Eos Energy Enterprises, Inc. [EOSE] – Last Close: $4.87
Eos Energy develops and manufactures long-duration zinc-based battery storage systems, targeting grid-scale renewable energy applications. It has positioned itself as a key alternative to lithium-ion storage, especially for utilities and industrial users.
Shares are up 7% in premarket trading, adding to a staggering 497% 1-year gain. The rally follows sustained investor optimism around energy transition plays and the company’s growing backlog of commercial orders.

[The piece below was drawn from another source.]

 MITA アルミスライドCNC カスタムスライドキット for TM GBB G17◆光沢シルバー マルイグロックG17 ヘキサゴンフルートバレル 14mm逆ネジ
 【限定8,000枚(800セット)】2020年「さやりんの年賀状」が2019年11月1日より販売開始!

My Take: EOSE is a top name to watch in the long-duration battery race. Execution risks remain, but its tech could be a game-changer if it continues to secure large utility deals.

Hot Sectors (Sponsored)
As we dive into Q2 2025, the stock market is buzzing with opportunities, and I’ve got the insider scoop just for you.
I’ve handpicked the Top Seven Stocks for this quarter, offering you a clear roadmap for growth as the year progresses.

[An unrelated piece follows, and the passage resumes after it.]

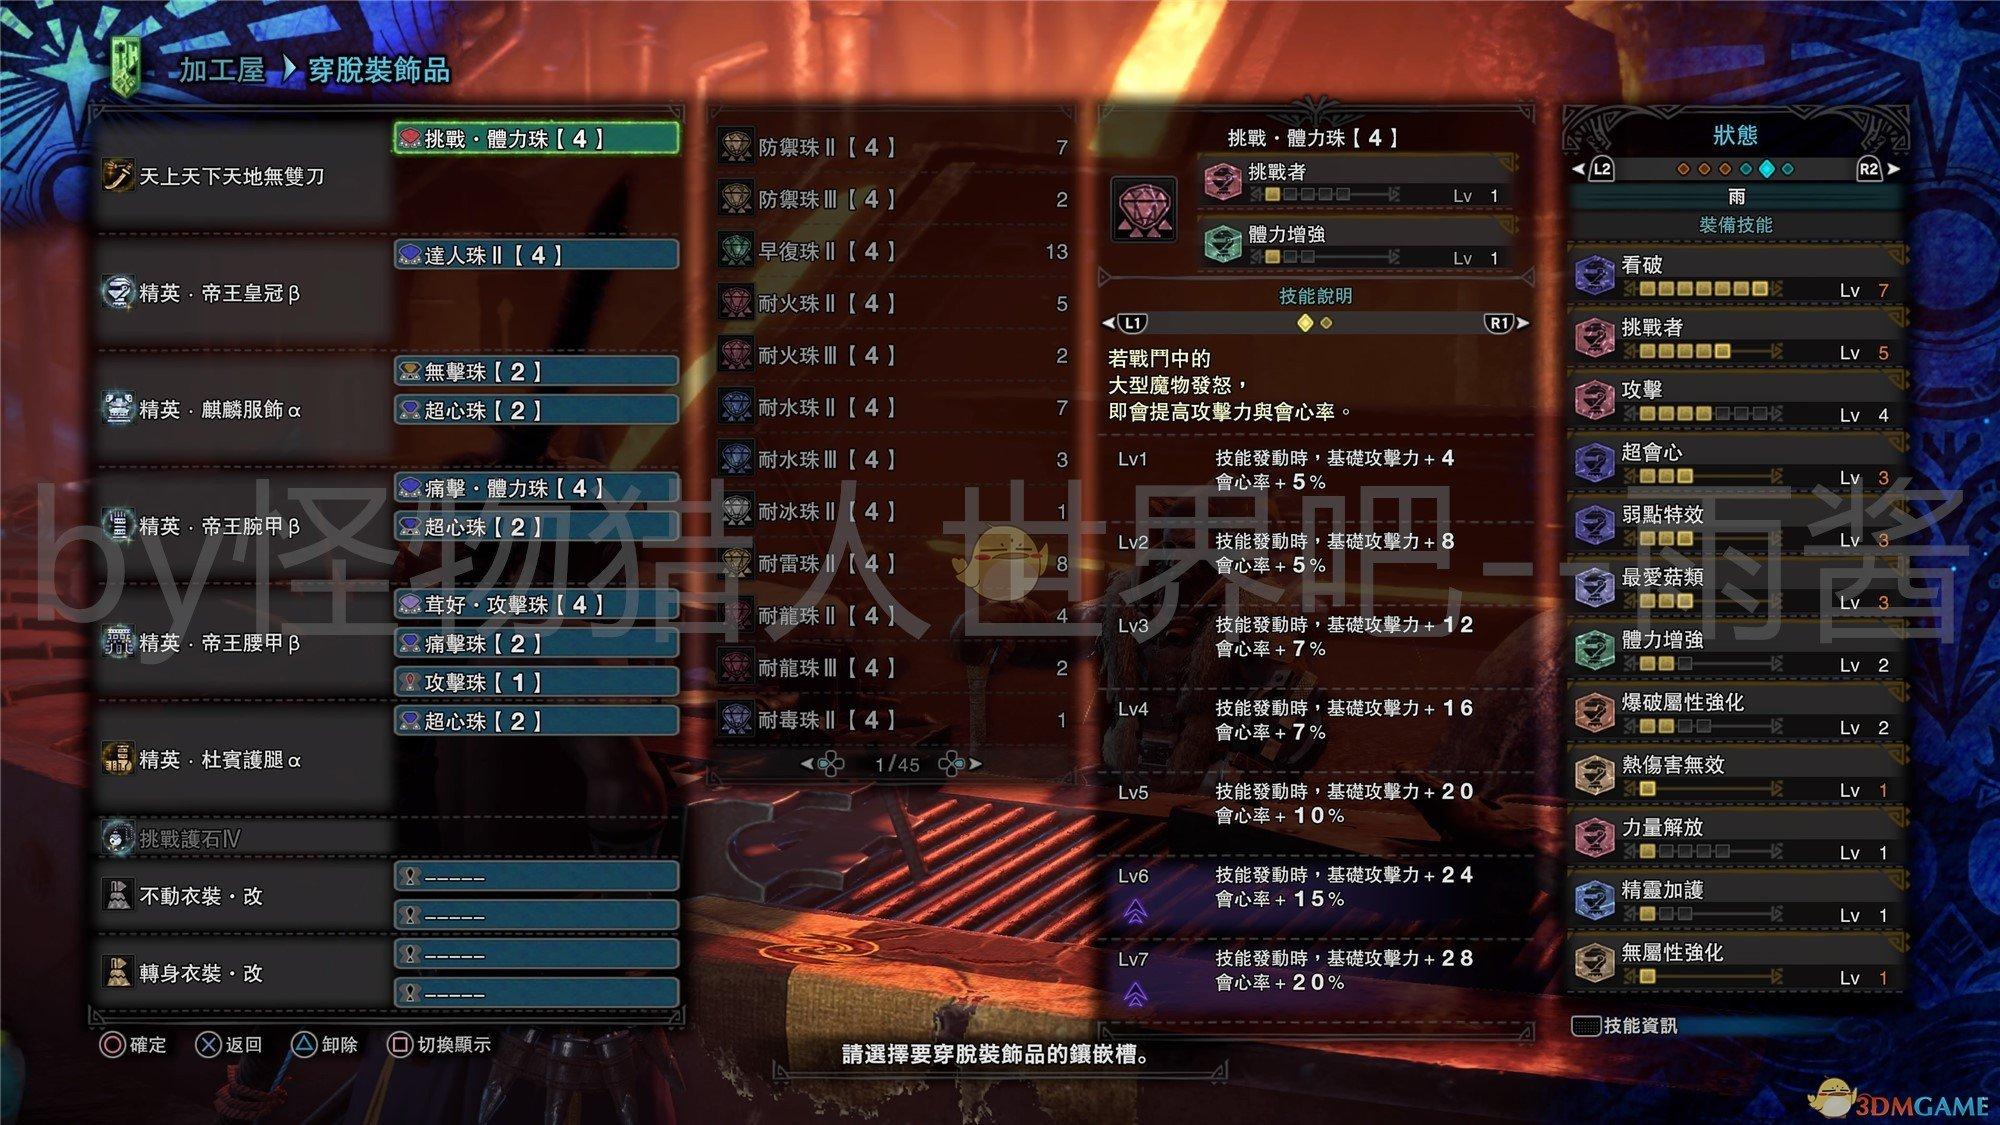 《怪物猎人:世界》冰原DLC太刀后期开荒配装推荐

Here’s what makes this guide indispensable:
High-Growth Sectors: Key industries poised to boom this summer.
In-Depth Analysis: Simplified insights to make wise investment decisions.
Expert Picks: Data-driven, not just guesses, for reliable potential.
Profit-Boosting Opportunities: Position your portfolio for a strong finish in 2025.
This isn’t merely a list; it’s your chance to seize the market’s hottest opportunities before they pass you by.

Everything Else
Tesla slumps as delivery concerns mount and Musk's Trump feud intensifies ahead of Q2 results.
Jeff Bezos dumps $737M in Amazon shares, fueling speculation of more selling to come.
U.K. software reseller Bytes Tech nosedives 27% after a surprise CEO exit and governance issues.
Chevron and Total reportedly race for first-mover energy deals in Libya’s oil-rich Ghadames Basin.
Constellation’s beer and spirits sales shine, lifting Q1 results even as margins come under pressure.
Gold pulls back as investors brace for U.S. jobs data and signals from the Fed on future rate cuts.
Wall Street gets cautious on stocks, citing stretched valuations and fragile economic signals.
Defense-themed ETFs surge in Europe as military spending sends sector funds to record launches.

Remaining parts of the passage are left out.